No matter what your team is like, high school softball offers you the opportunity to work on your game and, in many cases, to prepare for summer travel ball. Yet unfortunately, I frequently hear from athletes who struggle with high school softball.  They don't get along with the coach, or the coach doesn't teach them the way their travel ball coach does, or they can't hit slow pitching, and so on.  While it's likely that I hear more from  players with problematic high school situations than from those with great coaches and teams, the fact remains that for some players, high school ball isn’t a positive or constructive experience.

Here's my philosophy. Whatever your situation---positive or negative---try to learn from it and get everything out of it you can.  If you’re lucky enough to make a college softball team, things won’t always be rosy there either!  There will be days when you are tired or injured, have a big paper due, haven't done your laundry for three weeks, and your coach isn't starting you because you're not hitting the ball.  You may even find yourself thinking, "Gee, high school ball was so easy."
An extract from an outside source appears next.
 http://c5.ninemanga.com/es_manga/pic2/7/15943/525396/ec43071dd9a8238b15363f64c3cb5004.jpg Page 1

While high school statistics may not count as much as your competitive travel ball experience, your softball skills, your grades, your commitment to excellence, and so on, it is still important that you work on improving the weaker areas of your game.  High school softball almost always offers you a chance to do this.  So try to have some fun.  Become a leader on your team and encourage your high school teammates to join you in making the team the very best it can be!
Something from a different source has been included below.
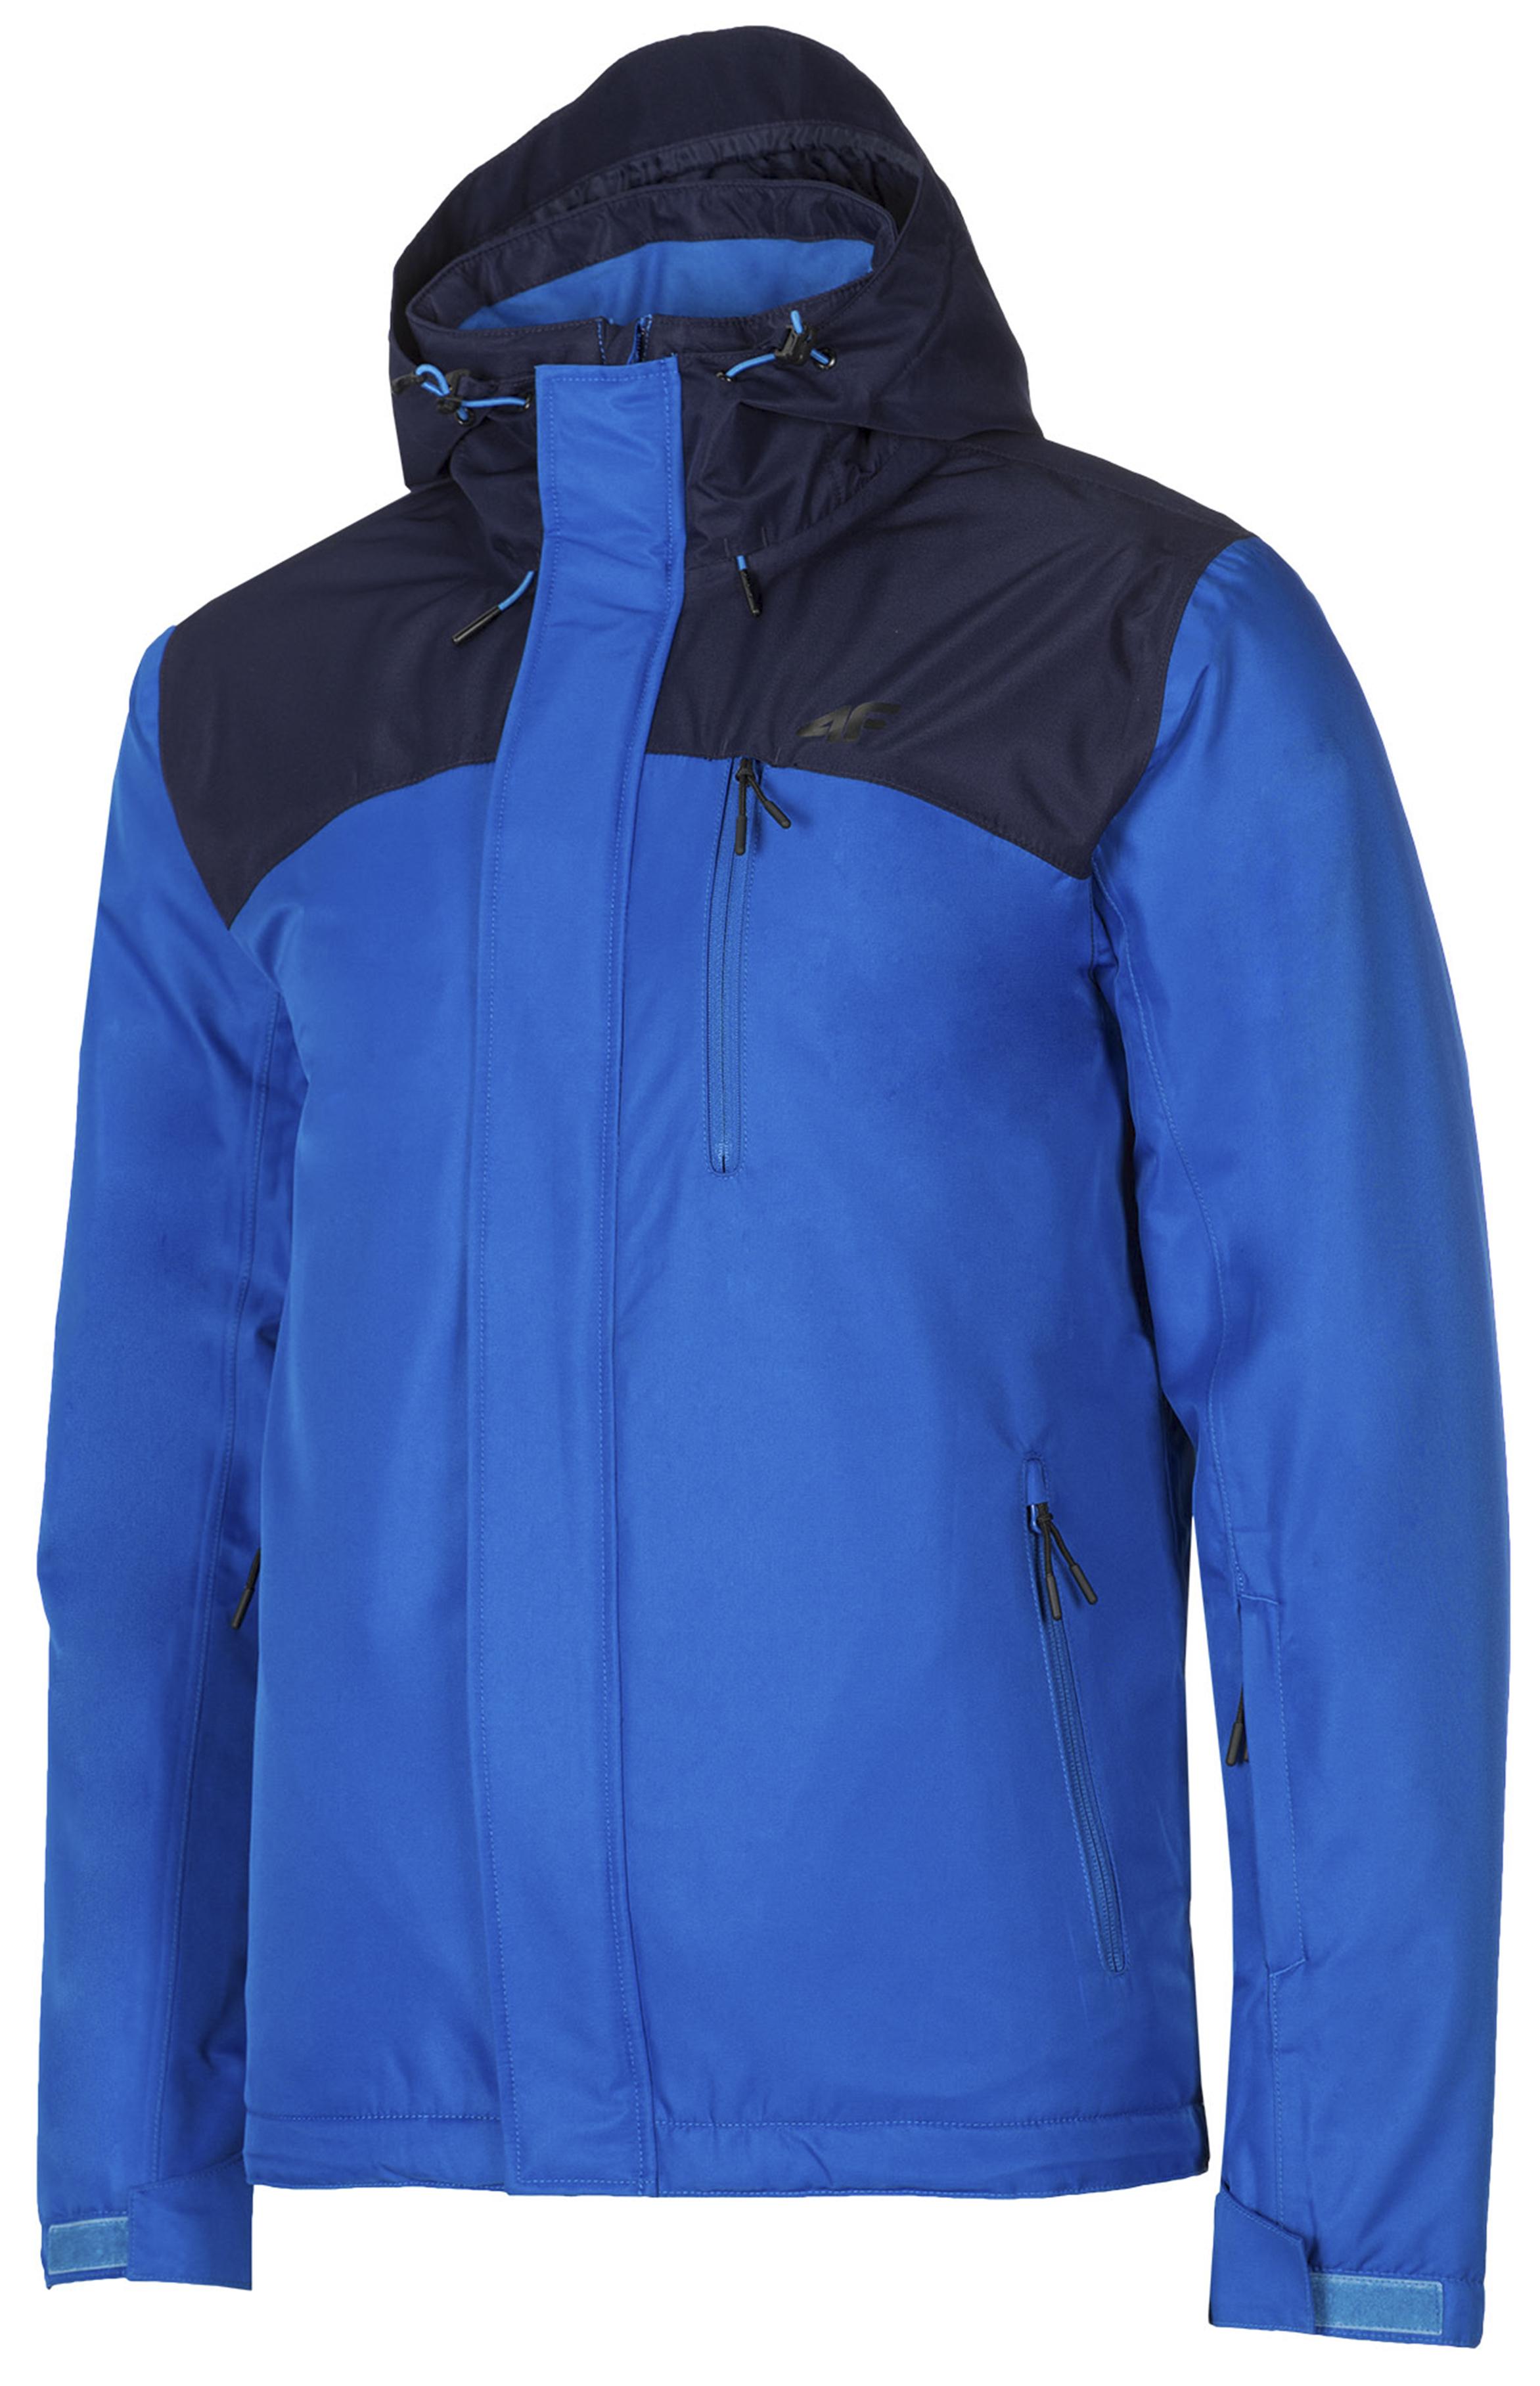 ביגוד פור אף לגברים 4F Ski Jacket - כחול

If you viewed your college search as a grid or graph, the smartest approach would be to try to find the intersection of colleges that have what you need and college teams that really want you to play. Logically, these would be the schools where you'd have a higher probability of finding success both on and off the field. But sometimes, players (and moms and dads) are so focused on a specific type of school that they miss out on what could actually be a better academic and/or athletic opportunity.

Here's an example. A player who thinks she'll only be happy at a Div. I college is offered a recruited walk on spot by one or two smaller D-I programs.  At the same time, a top-ranked NAIA program offers her a very decent scholarship package, a starting spot, and the chance to play for a winning team that almost always goes to regionals. The D-I schools recruiting this athlete are trying to strengthen their programs and grow, of course, but their chances of making the WCWS or even regionals while this player is there remain very small.  On the other hand, the NAIA team is practically guaranteed one or more NAIA Championship appearances during her four years. As a bonus, if she were to be a major contributor, she would have a shot at being an All Region or even an All American candidate.

Obviously, you need to find the college that's best for you. But in the above scenario, if all other factors are equal, is it really the smartest softball choice to choose a smaller D-I school where you're not even guaranteed playing time let alone the chance to be an All Conference player? Yes, you want to pick the best college for your academic, social and financial needs. But you might want to take a long look at
all the schools whose coaches reach out to you.  Regardless of your goals and interests (which may well change when you get to college), try to step back far enough to gain some perspective. Your college softball experience should be fun and worth remembering.  It will be hard work, but that work should have a payoff, and that payoff should be getting the chance to make a real contribution to your team's success!